Specifically, SAS asks the Second Circuit to reconsider the answer it gave to a question relating to a copyright technicality: can the courts only compare the similarities between Sheeran’s song and the sheet music version of ‘Let's Get It On’, rather than Gaye’s song as it was recorded?
The answer to that question, SAS says, impacted on the recent ruling. Not only that, it’s also relevant to “thousands of legacy songwriters, artists and/or musicians, who created millions of musical compositions and songs”. Which means it’s really important to get the answer right.
In the song-theft litigation against Sheeran, the appeals court answered that question “yes”, only the sheet music version of ‘Let’s Get It On’ could be considered. But, says SAS, the judges should reconsider that answer in light of a recent ruling in the US Supreme Court in the Loper Bright Enterprises v Raimondo case, which involved the fishing industry
You might wonder how a fishing industry dispute could possibly impact on a song-theft dispute involving Ed Sheeran. But it all comes down to whether or not courts should give deference to relevant government agencies when dealing with ambiguous areas of the law.
And those government agencies might be the National Marine Fisheries Service - as in the Loper Bright case - or the US Copyright Office, as in this case.
Under US law, in song theft cases like this, courts are meant to assess the similarities between the two songs as they were filed with the US Copyright Office. Where the two songs in dispute were both published after 1978, chances are the original recording of both songs were filed. But prior to 1978, songs could only be filed as sheet music.
Where songs pre-date 1978, like ‘Let's Get It On’, courts have generally said that only the sheet music version of the song can be considered. Which is annoying if you are the owner of the copyright in the older work, and you feel that the similarities between that and the new song are stronger when you put the two recordings side by side.
Both the district court and the appeals court in SAS’s case against Sheeran ruled that only the sheet music version of ‘Let's Get It On’ could be considered.
However, in a new filing, SAS says that the judges reached that conclusion partly because of guidance from the US Copyright Office in its ‘Compendium Of US Copyright Office Practices’. And partly because of the ruling in the relatively recent Led Zeppelin song-theft case, which in turn relied on the ‘Compendium Of US Copyright Office Practices’.
While the US Copyright Office presumably knows a thing or two about copyright law, SAS argues that - following the Loper Bright ruling in the Supreme Court - the Second Circuit doesn’t need to show the US government’s copyright agency the same kind of deference as it may have done in the past.
To that end, SAS wants the Second Circuit to reconsider this specific copyright question en banc, so that more judges will be involved.

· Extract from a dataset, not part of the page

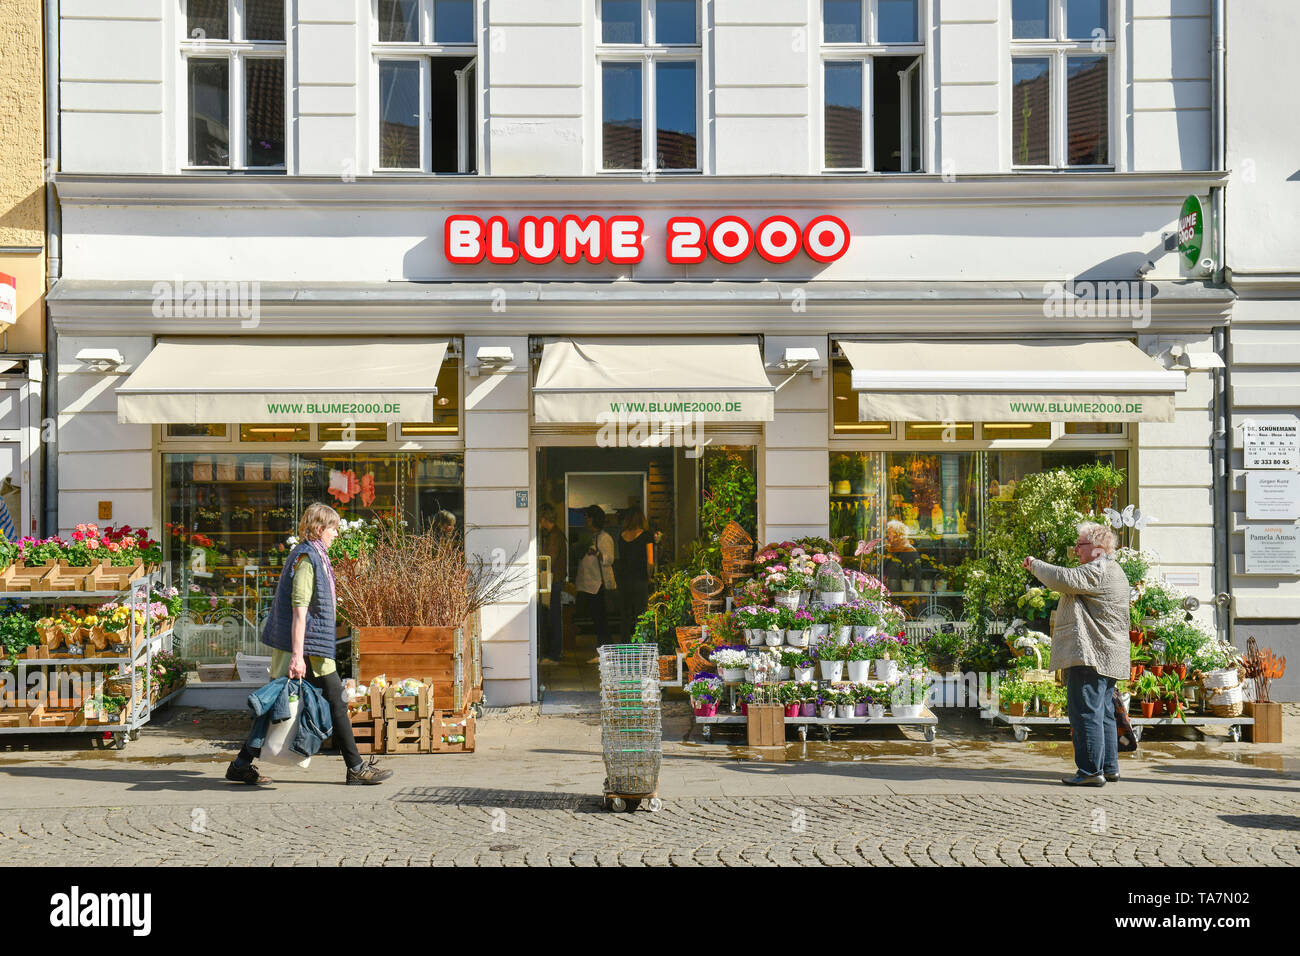 Flower in 2000, Carl apron street, Old Town, Spandau, Berlin, Germany, Blume 2000, Carl-Schurz-Straße, Altstadt, Deutschland - Stock Image

Not only is the answer to that question important for SAS, but - it insists - it’s also crucial for “thousands of legacy songwriters, artists and/or musicians, who created millions of musical compositions and songs, including some of the greatest songs and musical compositions ever written, who had no choice - by virtue of the Copyright Office’s policies - but to submit sheet music (rather than sound recordings) as deposits in connection with their copyright applications”.
That makes this “an issue of exceptional importance that should be considered en banc”.